Lo spagnolo Raúl Arévalo, attore molto apprezzato nella penisola iberica ma poco conosciuto in quella italica, già da piccolo sognava di dirigere un film. A trentasette anni compiuti il suo desiderio si è finalmente avverato. Il risultato? Un’eccellente opera prima che si è aggiudicata sia quattro Premi Goya – rubando di fatto la scena a Pedro Almodóvar e Roberto Rodríguez che in passato lo avevano diretto in Gli amanti passeggeri e La isla mínima –, che un’ovazione di otto minuti alla Mostra Internazionale d’Arte Cinematografica di Venezia. Tarde para la ira, titolo originale che non rivela la trama del film come purtroppo accade invece con quello italiano, per vedere la luce ha impiegato molto tempo, fino a quando la sceneggiatura non capitò nelle mani della produttrice Beatriz Botegas che, al contrario dei suoi colleghi, da quell’oscuro e asciutto script rimase affascinata.

Il regista madrileno realizza un film potentissimo: disturbante, crudo e aspro. Come brutali, feroci e implacabili si presentano anche i suoi personaggi, esseri umani in balìa del destino che vivono un’esistenza beffarda e crudele. L’atmosfera cupa e gli squallidi luoghi - bar che trasudano sporcizia da ogni piastrella e malfamati quartieri ai margini di Madrid - fanno inoltre da cornice a una storia da cui nessuno dei protagonisti uscirà vincitore: uno stupefacente dramma dalle tinte noir difficile da dimenticare. Grazie alla dirompente scena iniziale, al pubblico è subito chiaro che assisterne alla proiezione non sarà una passeggiata all’aria aperta, tutt’altro! Sì, perché pur non mostrando immagini scioccanti né spargimenti di sangue, Arévalo non solo riesce a mettere in scena la violenza, ma anche a creare una magistrale tensione filmica.

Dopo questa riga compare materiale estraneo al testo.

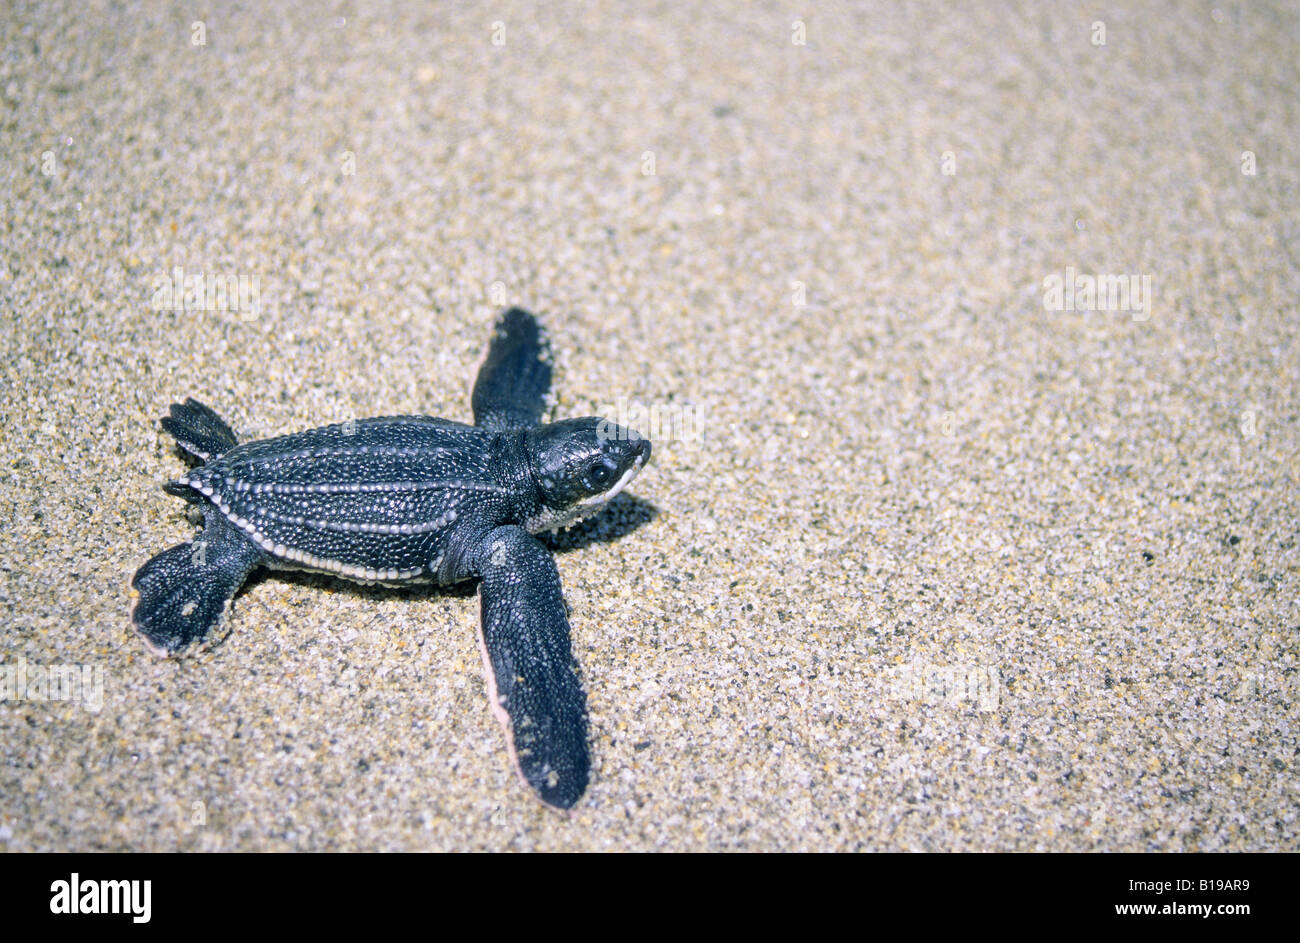 Hatchling leatherback sea turtel (Dermochelys coriacea) heading to the ocean after hatching, Trinidad, West Indies Stock Photo

L’odio, l’amarezza e la rabbia repressa sono gli elementi centrali di La vendetta di un uomo tranquillo, dove il triangolo che lega una donna (Ana), il di lei marito appena uscito dal carcere (Curro), e un terzo uomo che custodisce un segreto riguardante i primi due (Josè), porterà a uno sviluppo del racconto in cui inquietudine e suspense cresceranno in una inarrestabile spirale di eventi. Ciascuna sequenza, ritratta con grande realismo, rende l’opera profondamente credibile agli occhi dell'intera platea. Se la macchina da presa, insinuandosi tra i volti dei protagonisti ne mostrerà ogni minimo cambiamento d’espressione, l’ermetico sguardo di Josè accompagnerà lo spettatore per tutta la durata di questo imperdibile thriller. Strutturato in capitoli, elemento che ricorda il tarantiniano Kill Bill, il film di Arévalo gode di una intensa e fluida narrazione, di una efficace fotografia volutamente sgranata, di una lenta e paziente rappresentazione dell'ira: si può colpire a morte quando si perde la testa, ma anche a sangue freddo, in perfetta lucidità.

Il cast, di cui fanno parte Antonio De La Torre, Luis Callejo, Ruth Díaz e il Premio Goya come miglior attore non protagonista Manolo Solo, contribuisce in maniera imponente all’ottima riuscita del film: 92 minuti da trascorrere con il fiato sospeso, sempre.